On Jun 21, 10:42*am, Weatherlawyer wrote:
We always get a grouping of this nature when a strong storm dies. It
is due to tropical cyclones, I believe but this may also happen with
storms in higher latitudes.
It has to be true in the South Pole too, as it happens there quite
often. I can't say all the time but...
And it must therefore follow that something of this nature happens
with the North Pole:
21/06/12
4.7 M. @ 05:18 * * * * *25.7 S. * * * * *179.8 E. South of the Fiji Islands
4.9 M. @ 03:43 * * * * *12.5 N. * * * * *144.0 E. Guam Region
4.9 M. @ 03:32 * * * * *12.5 N. * * * * *143.9 E. Guam Region
Once you are free from contemporary scientific dogma you can see it
all happening for yourselves and won't need me to teach you.
Which is just as well as I am getting past my "Sell By" date.

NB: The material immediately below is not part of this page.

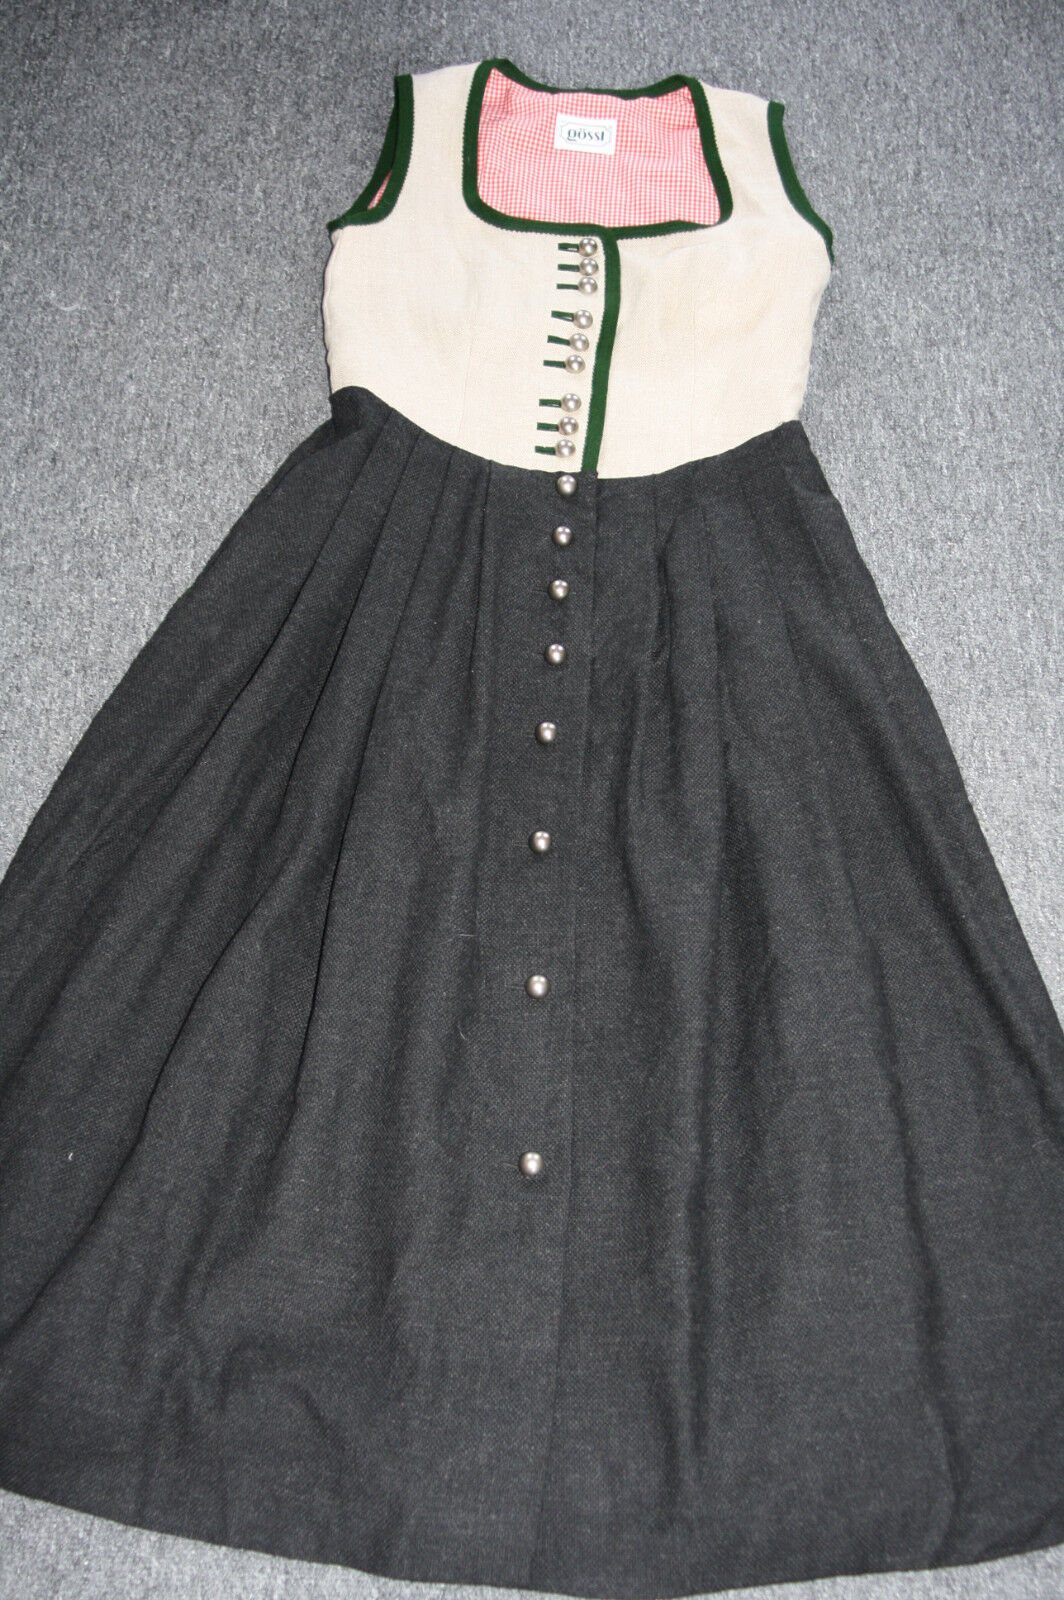 Kl4950  @ bávara @ país casa bávara @ gössl @ lino @ Trachten vestido @ 40  tienda de ventas outlet

A pair of earthquakes (on this occasion in Guam) ALWAYS occurs after a
storm dies. Usually this happens closer to the start or end of a Lunar
Phase but obviously there is something I am missing from the
algorithm.
And after a closure like that, or with a more intense quake (in the
region of 6.5 M or larger) -that is; a multiple quake in exactly the
same place at more or less the same time, we usually get a quake in
the region of Fiji, Tonga or Vanuatu.
These latter places are in the geophysical centre of the planet. From
the western shores of the Indo-Pacific to the eastern one, the strata
and reservoirs appear like the cross section of an onion.
2012/06/22
6 M. @ 04:31. -54.302 158.727 MACQUARIE ISLAND REGION
4.5 M. @ 04:25. -18.264 -175.116 TONGA
5.7 M, @ 02:20. -32.795 -178.562 SOUTH OF THE KERMADEC ISLANDS
4.8 M. @ 00:03. -32.999 -179.833 SOUTH OF THE KERMADEC ISLANDS
2012/06/21
5.2 M. @23:52. -32.889 -178.637 SOUTH OF THE KERMADEC ISLANDS
Interesting. Two is one down therefore three is?
That's worth a look.
In the meantime the chart is now heading for a different make up:
Small scattered occlusions with a Greenland High and a Mid Atlantic
(northerly Azores) High.
There is a Low on the east coast of North America and that is going to
flow east soon. But the overall picture is a flaccid North Atlantic
oscillation.
Of which it has to be said, there may be little wind sheer but no
blocking. In fact if there are going to be tornadoes they will occur
on Saturday 23 June 2012. Between T+ 48 and T+ 60 here at the time of
writing:
http://www.metoffice.gov.uk/weather/..._pressure.html
There may even be some slight phreatic stuff at the end of the run: (T
+ 72 to 84.)
The Met Office chart took some correction yesterday. So I can't be
blamed for all of it going wrong. Still, there should be more thunder
and or tornadoes. Or maybe it was all just a storm in a basin?